Sometimes you may also find inconsistent or incorrect labels in categorical columns.  
For example, the same category may appear in multiple formats:

- "female", "Female", "F", "f"
- "male", "Male", "M", "m"

These inconsistencies make analysis, filtering, and grouping unreliable.  
To fix this, we **standardize** all categorical values into a consistent format.

---

**1. Convert everything to lowercase**

This removes differences like "Female" vs "female".

```python
df["column_name"] = df["column_name"].astype(str).str.lower()
```
---

**2. If there are many variations, a `mapping dictionary` might help:**

```python
mapping = {
    "female": "female",
    "f": "female",
    "woman": "female",
    "male": "male",
    "m": "male",
    "man": "male"
}

df["column_name"] = df["column_name"].replace(mapping)
```
___
**Tips:**

- Verify the frequencies of `categorical columns`
```python
df["column_name"].value_counts()
```
- Converting to `category` offers optimization in terms of memory footprint, comparinson speed and interpretability
```python
df["column_name"] = df["column_name"].astype("category")
```

### Q.2.3 Verify if any categorical column needs to be standardized
- Inspect columns of dtype `category`, `object`, `bool`, `int`
- Inspect using `df['column'].values_count()`

In [None]:
# your code here


## Missing values

Most real-world datasets contain missing or inconsistent values.

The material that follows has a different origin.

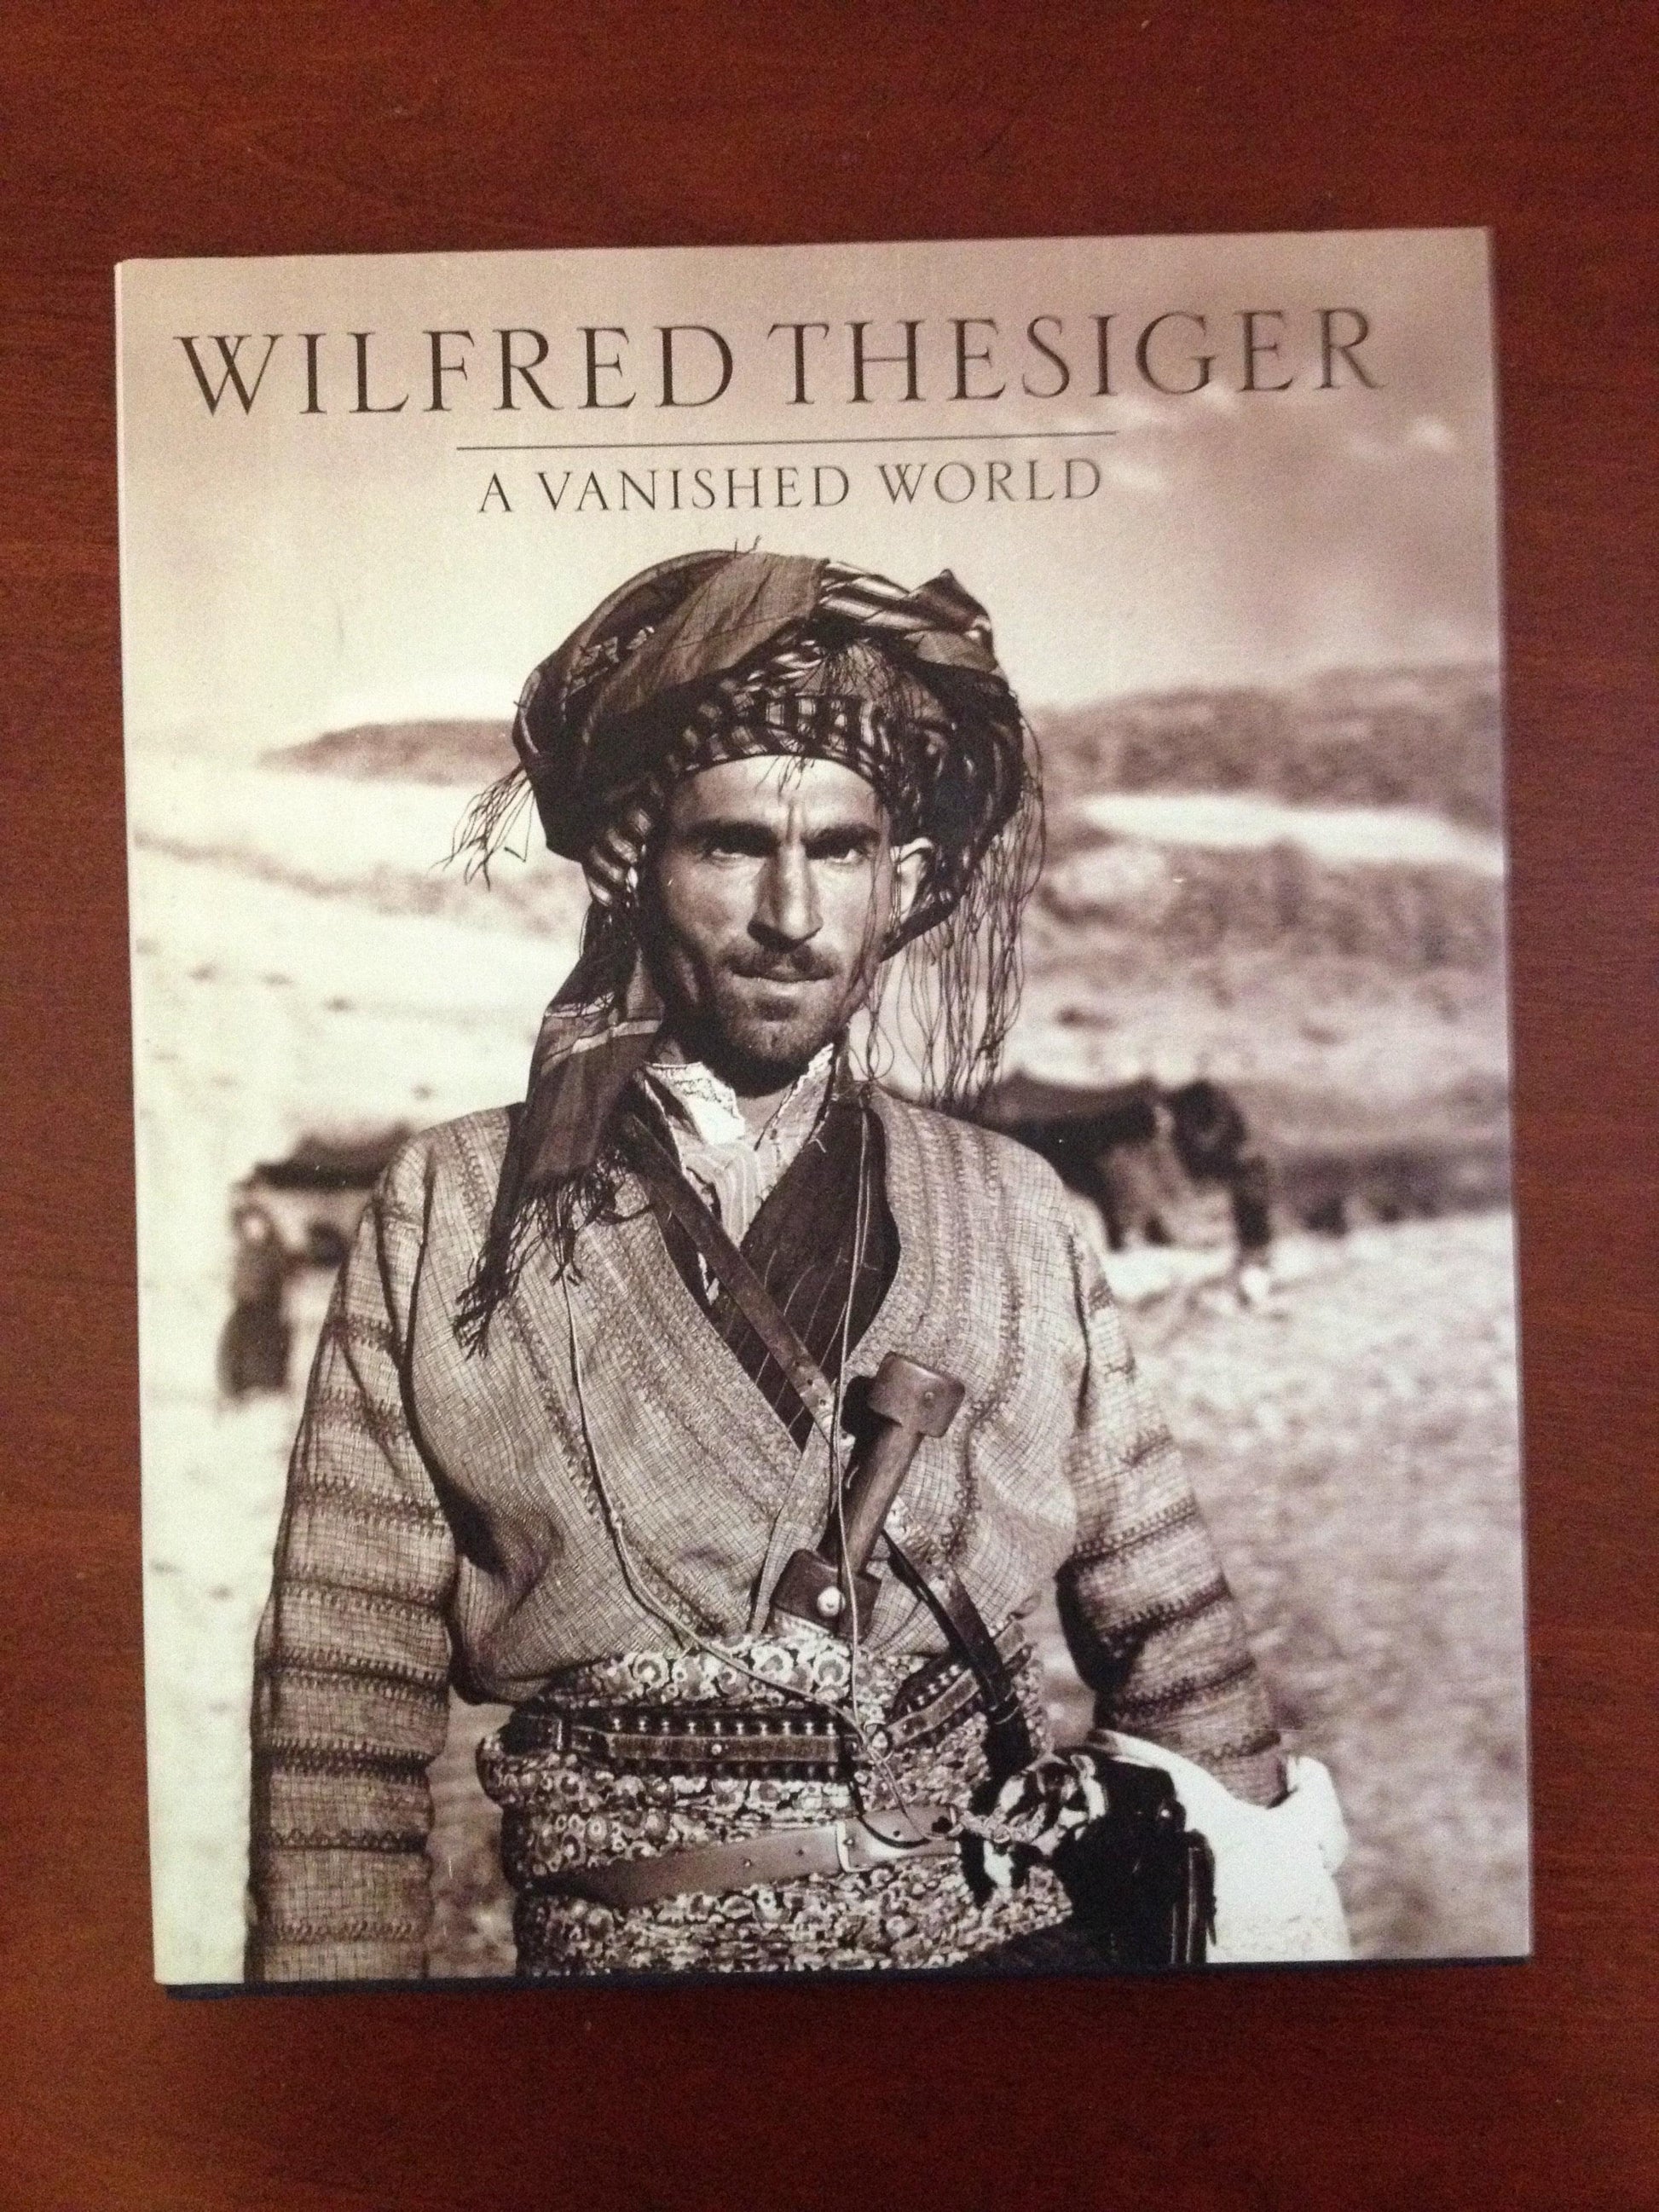 A VANISHED WORLD  BY: WILFRED THESIGER BooksCardsNBikes

We must decide how to handle them. The main strategies are:

___
**1. Remove rows with missing values**

Useful when:

Only a few rows contain missing values.

Removing them does not distort the dataset.

```python
df_clean = df.dropna()
```
___
**2. Remove columns with too many missing values**

Useful when:

A column is mostly empty (e.g., >80% missing maybe even less threshold)

The column is not essential for the analysis

```python
df_clean = df.drop(columns=["column_name"])
```
___
**3. Impute missing values (numeric columns)**

Common inputs:

- Mean

- Median (more robust to outliers)

- Constant value

```python
# mean
df["column_name"] = df["column_name"].fillna(df["column_name"].mean())

# median
df["column_name"] = df["column_name"].fillna(df["column_name"].median())

# constant value
df["column_name"] = df["column_name"].fillna(1)
```
___
**4. Impute missing values (categorical columns)**

Typical strategies:

Replace with the most frequent category (mode)

Replace with a special label such as "Unknown"

```python
# mode
df["column_name"] = df["column_name"].fillna(df["column_name"].mode()[0])

# special label
df["column_name"] = df["column_name"].fillna("Unknown")
```
___
**There are more advanced methods of imputation but those above cover most of the problems that you might have initially.**

### Q.2.4 Check for missing values in every column:
- Try to obtain a sum of missing values in each column

In [None]:
# your code here


### Q.2.5 Which column is the most problematic in terms of missing values?

In [None]:
# your answer here
#

### Q.2.6 Let's find out the percentage of missing values in the most problematic column.

In [None]:
# your code here


### Q.2.7 Define a function that will check for missing values in percentage each column that you provide as a param.

**Example:**

```python
def percentage_missing_values(df: pd.DataFrame, col: str) -> float:

    # your code here
    
    return percentage_of_missing
```


In [None]:
# your code here


### Q 2.8. Impute missing values for each column that requires cleaning

In [None]:
# your code here


In [None]:
# your code here


In [None]:
# your code here


In [None]:
# your code here


In [None]:
# your code here


In [None]:
# your code here


In [None]:
# your code here


## 3. Feature Engineering

Now that the dataset is clean, with corrected data types, standardized categorical values, and missing values imputed, we can begin improving the dataset by **creating new features**.

Feature Engineering helps models extract more meaningful patterns by transforming the raw data into something more informative and more useful for analysis or machine learning.

---
>**1.Mathematical combinations**
>Create new features by combining existing numeric features.

>**Example: family size**
>```python
>df["family_size"] = df["sibsp"] + df["parch"] + 1
>```
---
>**2. Binarizing or grouping categories**
>Transform categories into simpler or grouped labels.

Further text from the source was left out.